__Assignment__. Ignoring every picture, transcribe the data in full as it stands.

__Data provided__.
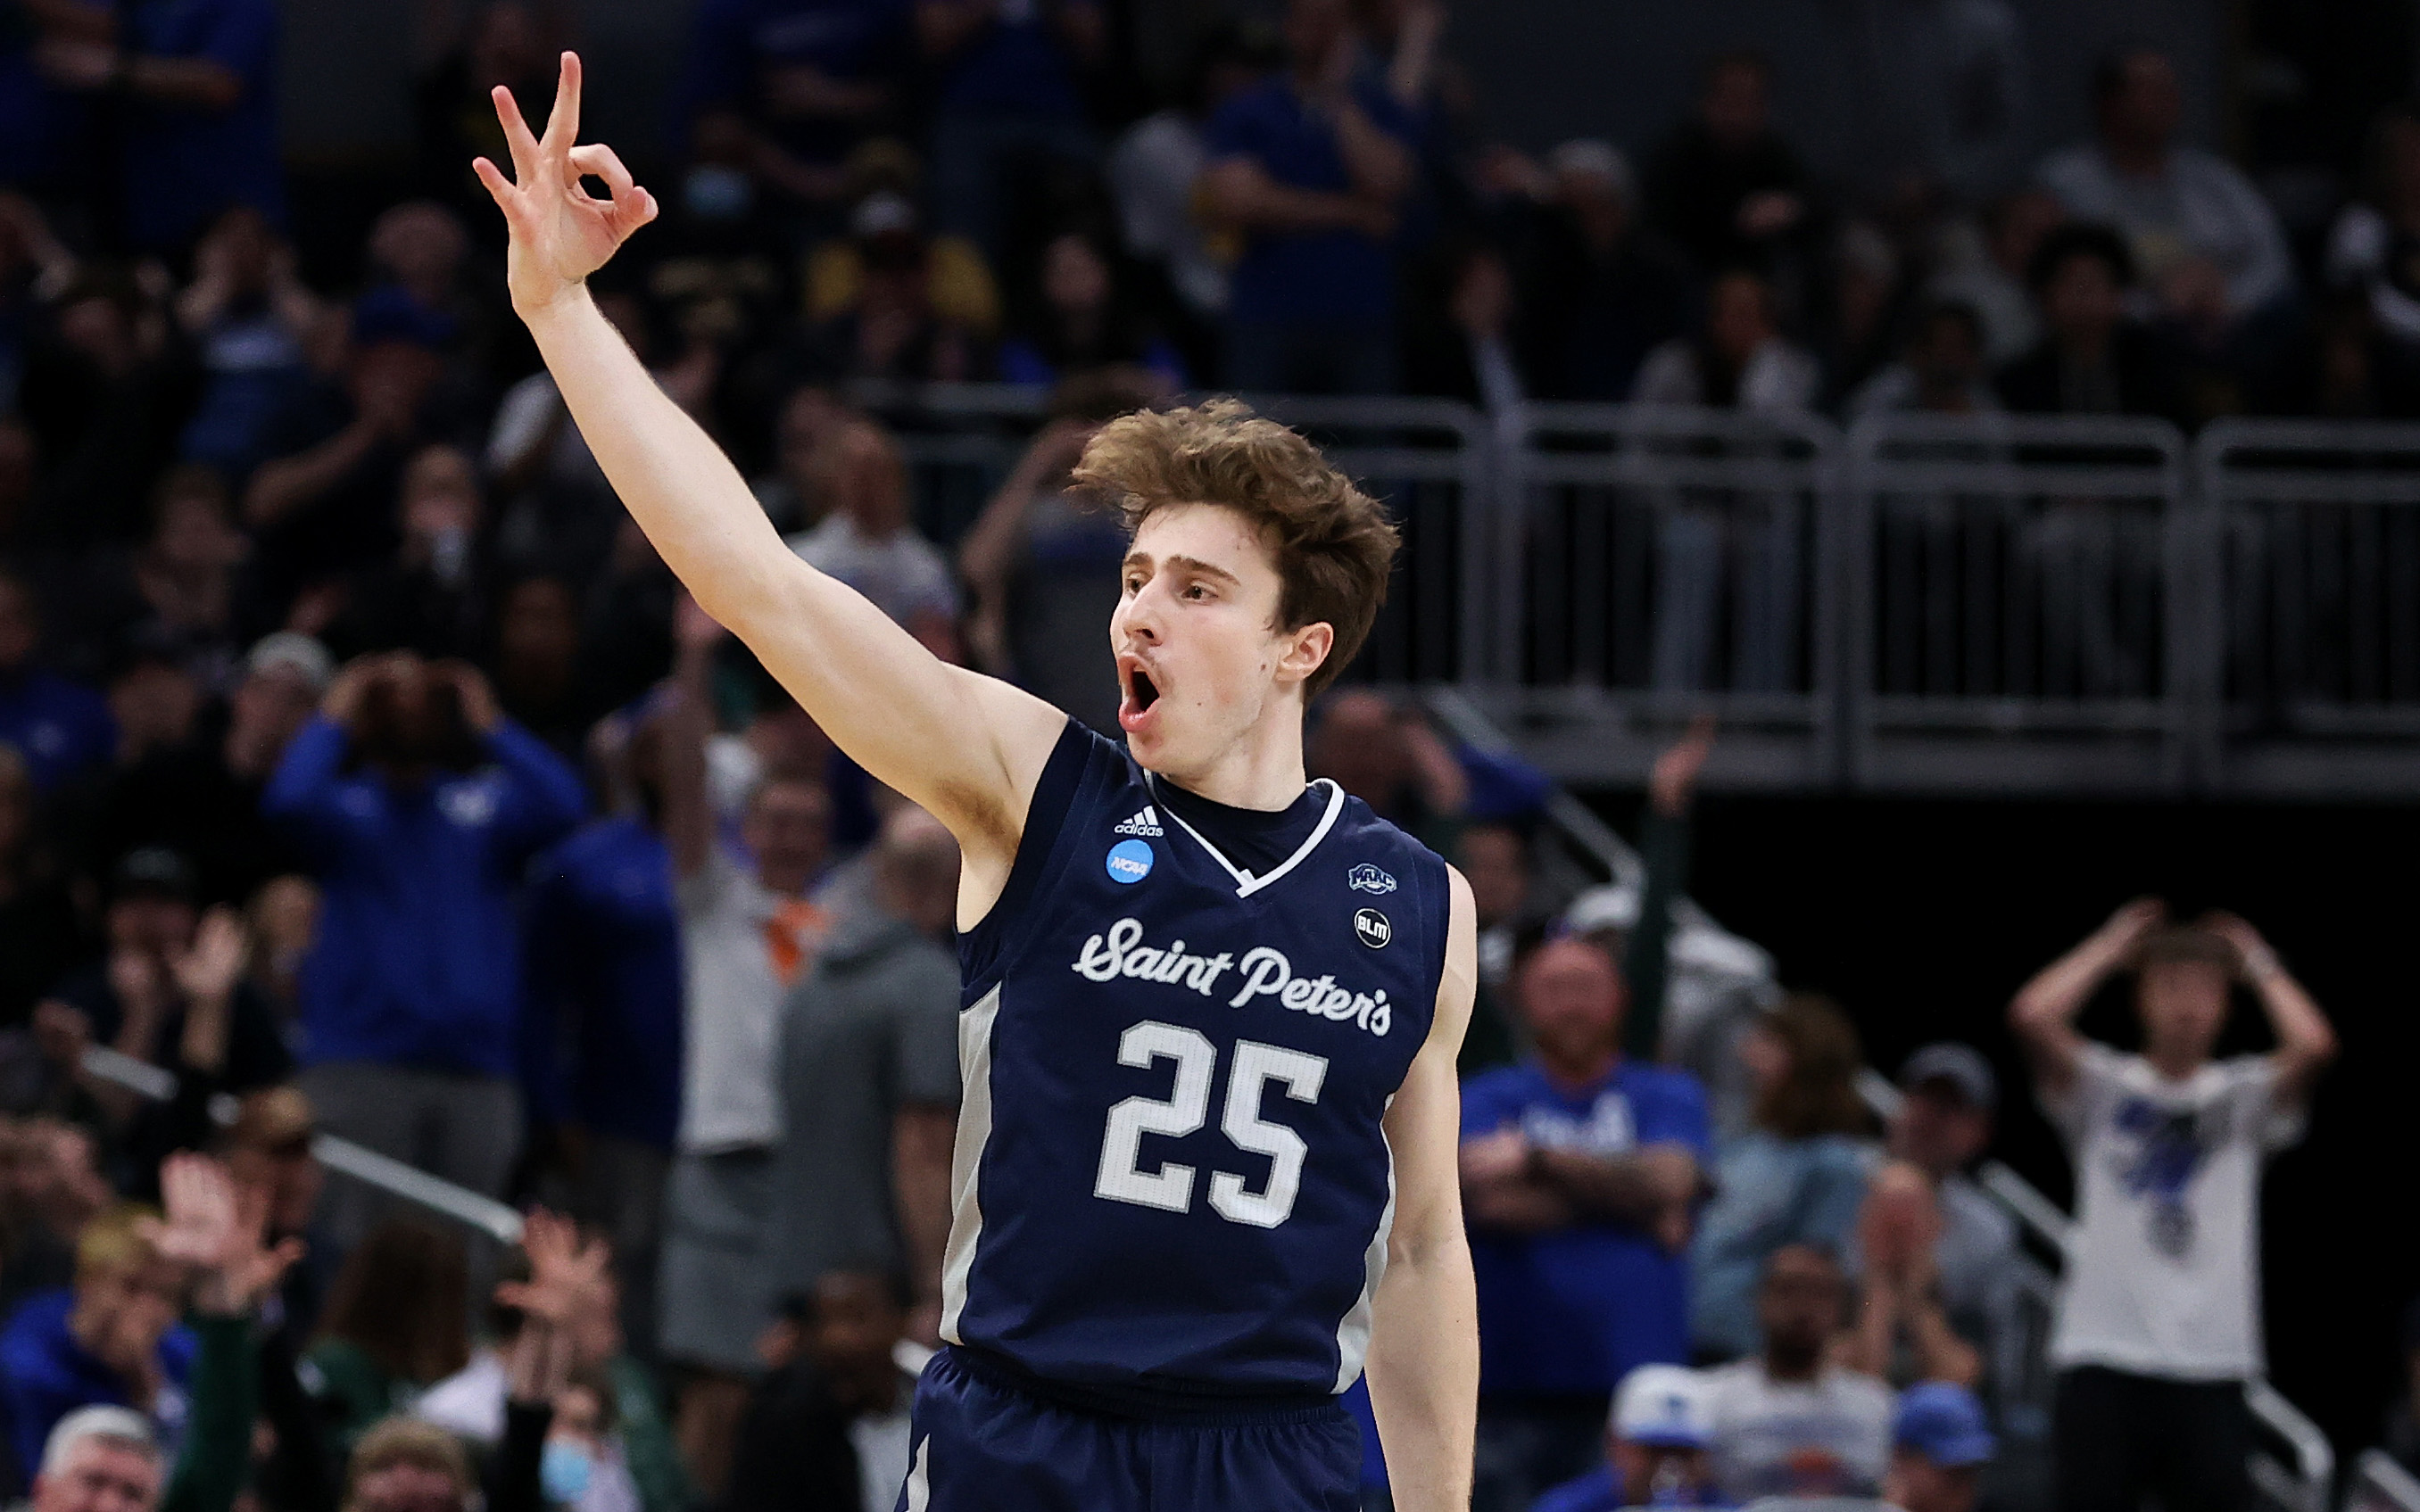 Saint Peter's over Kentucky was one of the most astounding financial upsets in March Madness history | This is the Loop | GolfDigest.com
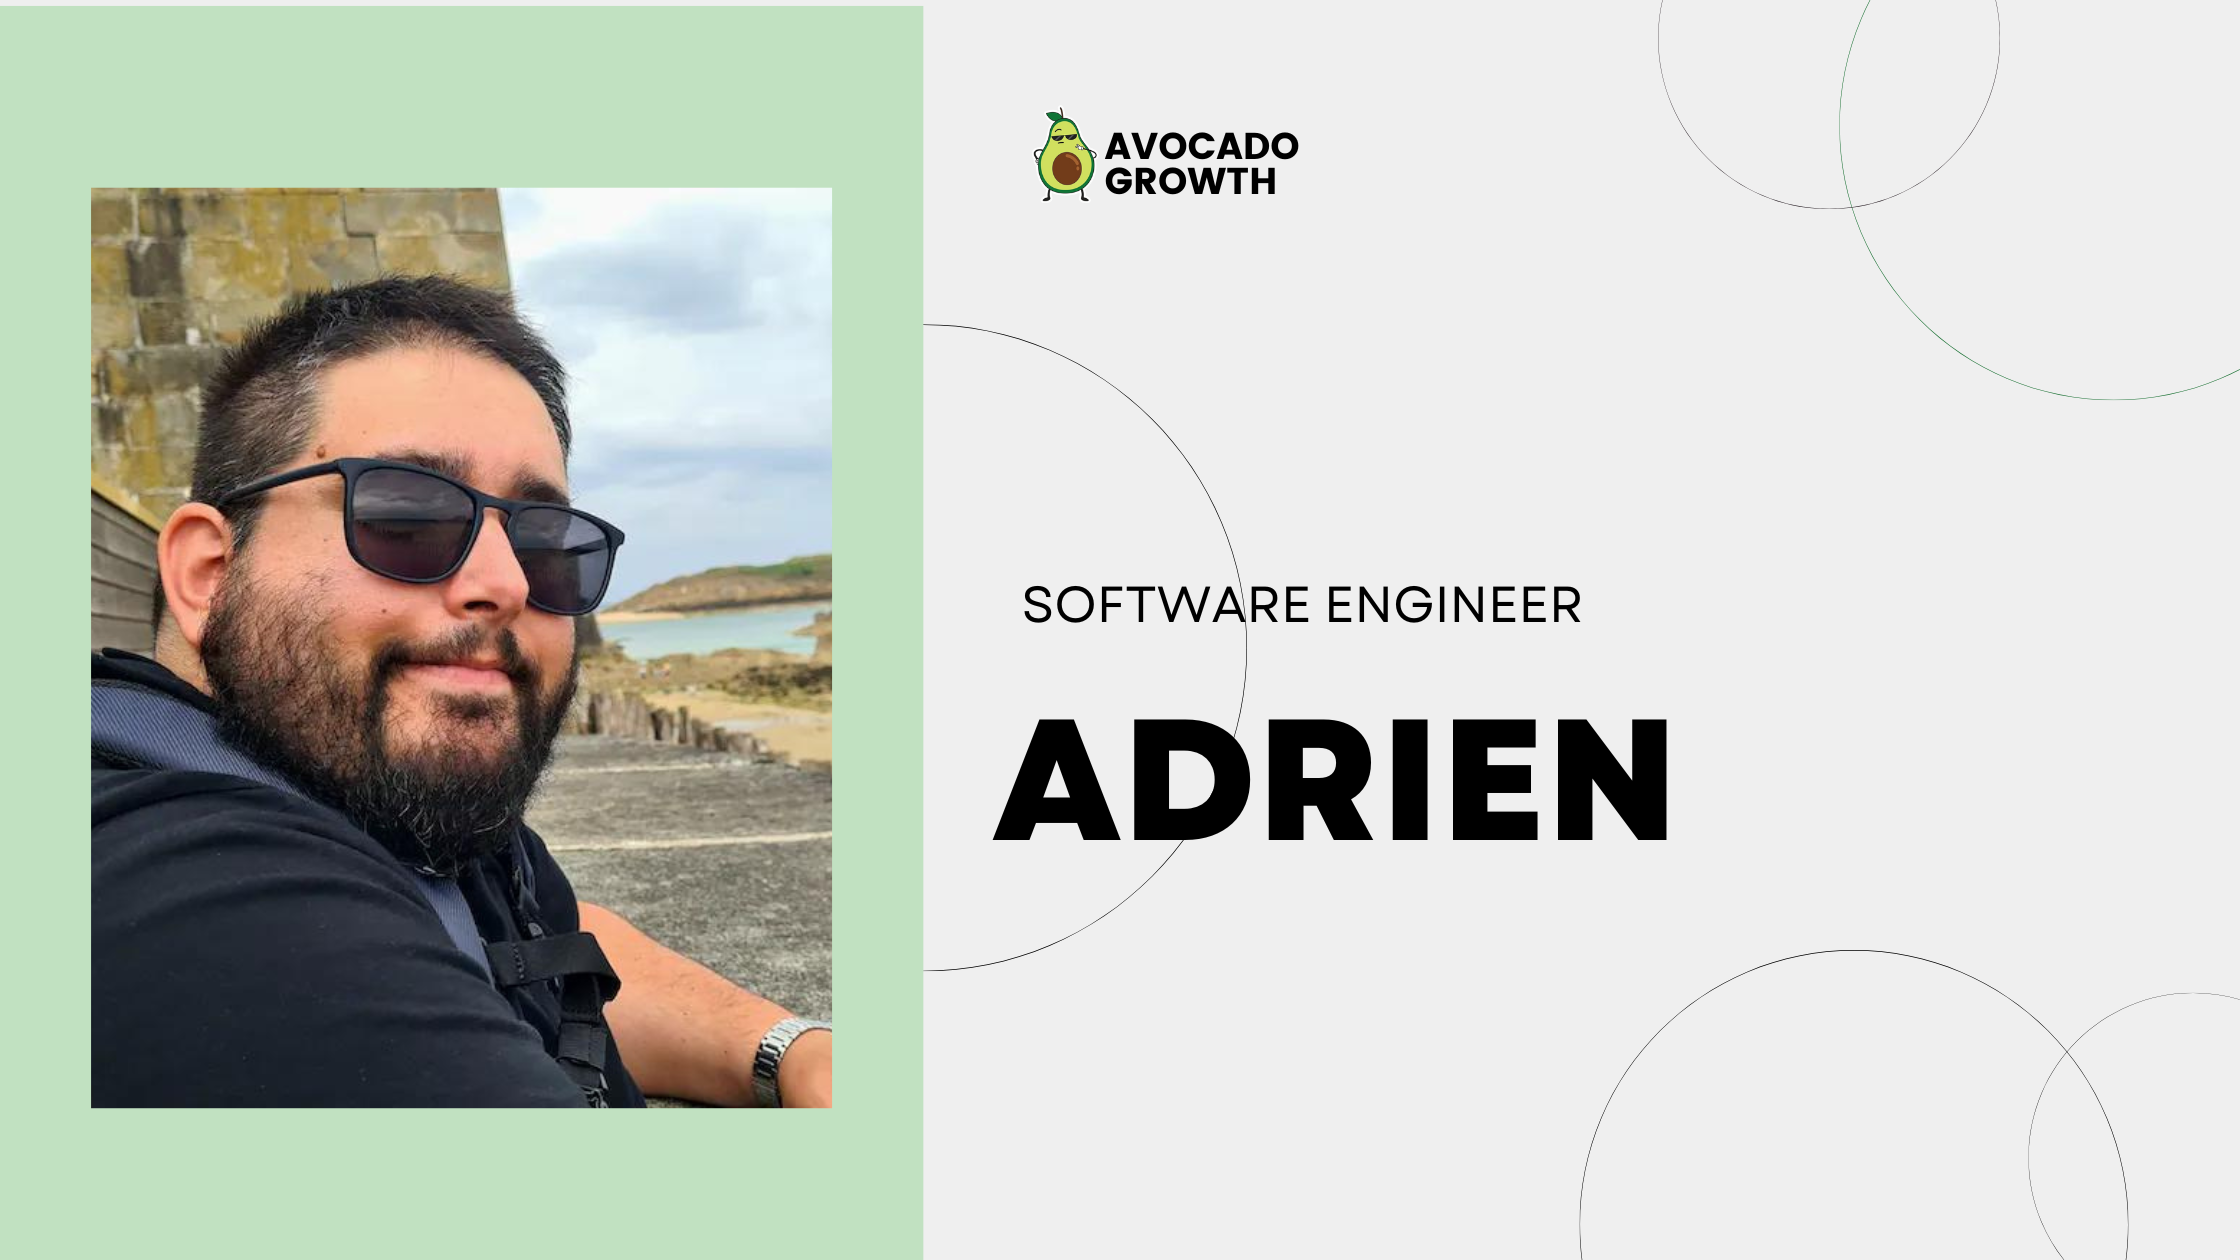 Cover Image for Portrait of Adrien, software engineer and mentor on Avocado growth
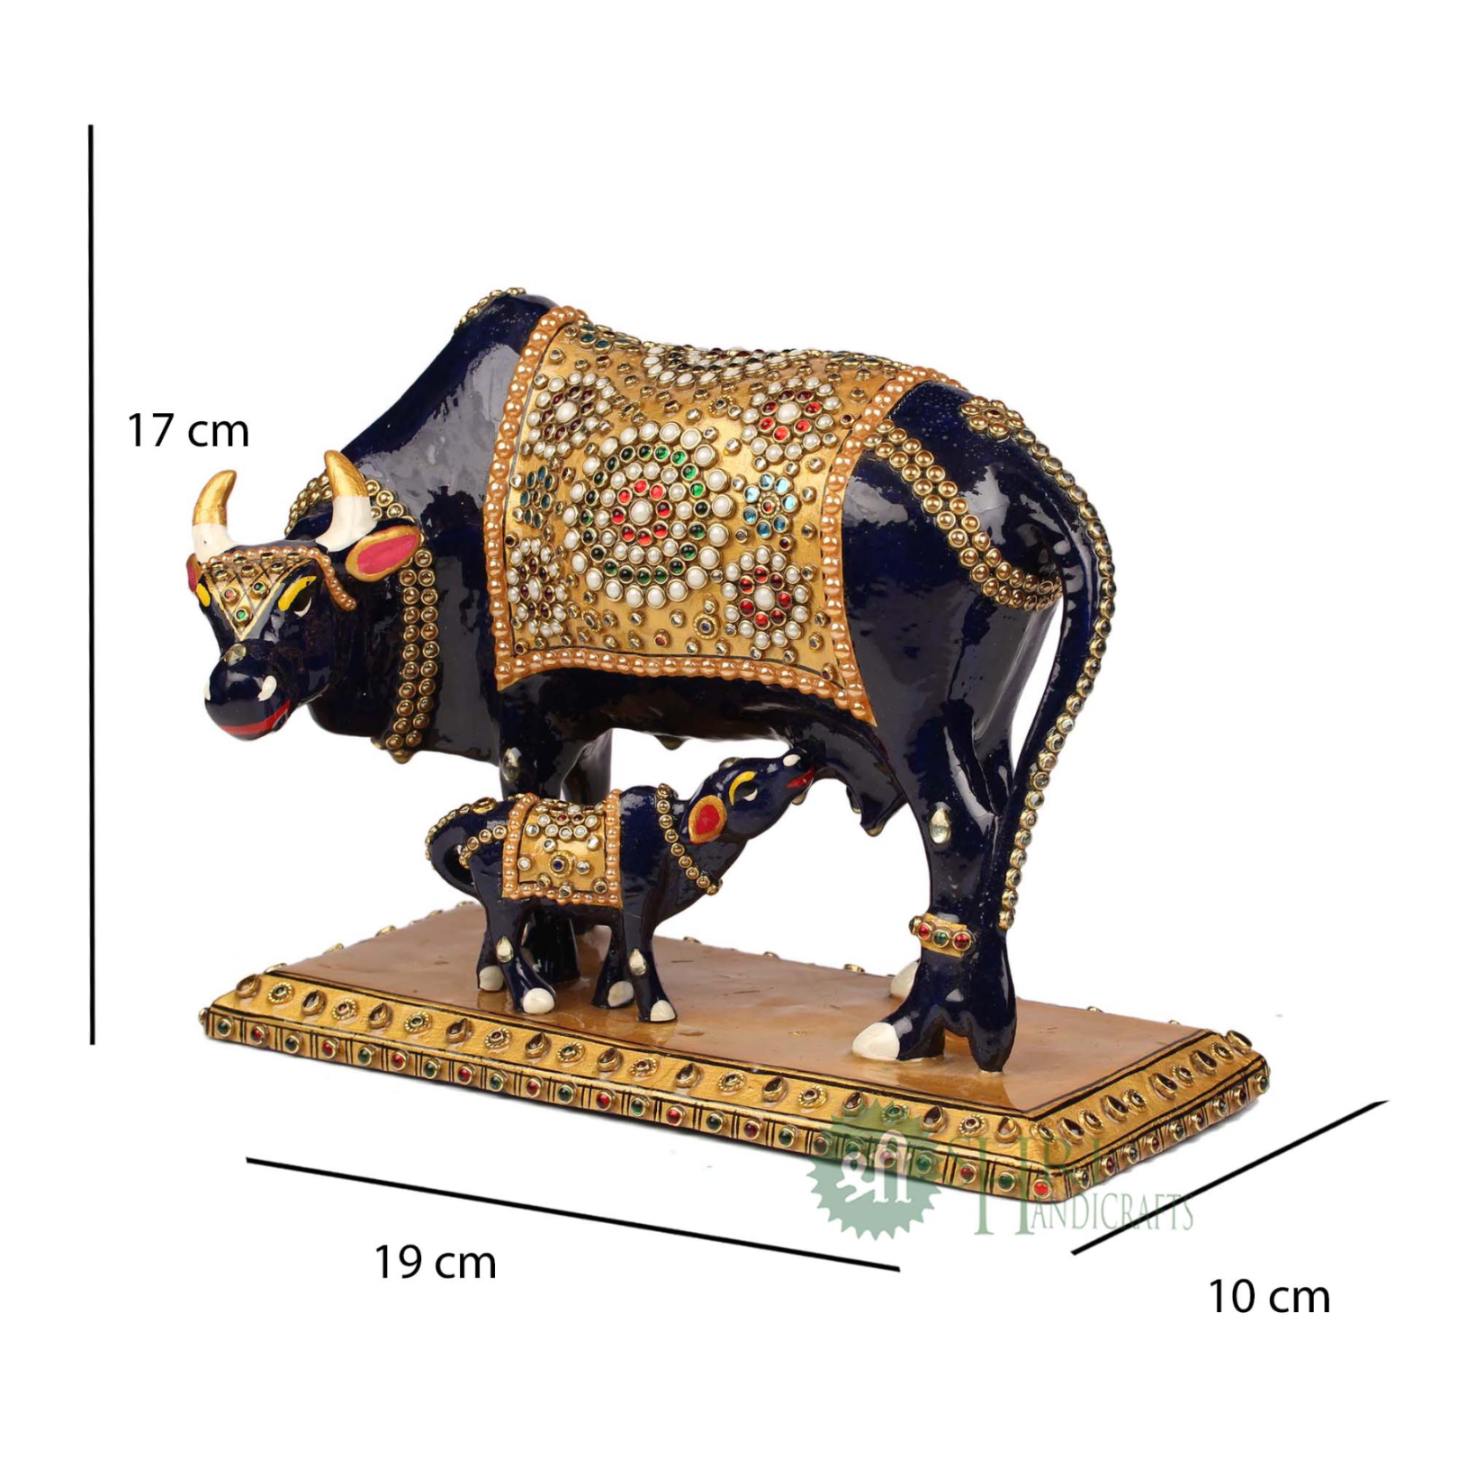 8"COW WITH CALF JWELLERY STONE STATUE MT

__Task solution__.
 Saint Peter's over Kentucky was one of the most astounding financial upsets in March Madness history | This is the Loop | GolfDigest.com
 Cover Image for Portrait of Adrien, software engineer and mentor on Avocado growth
 8"COW WITH CALF JWELLERY STONE STATUE MT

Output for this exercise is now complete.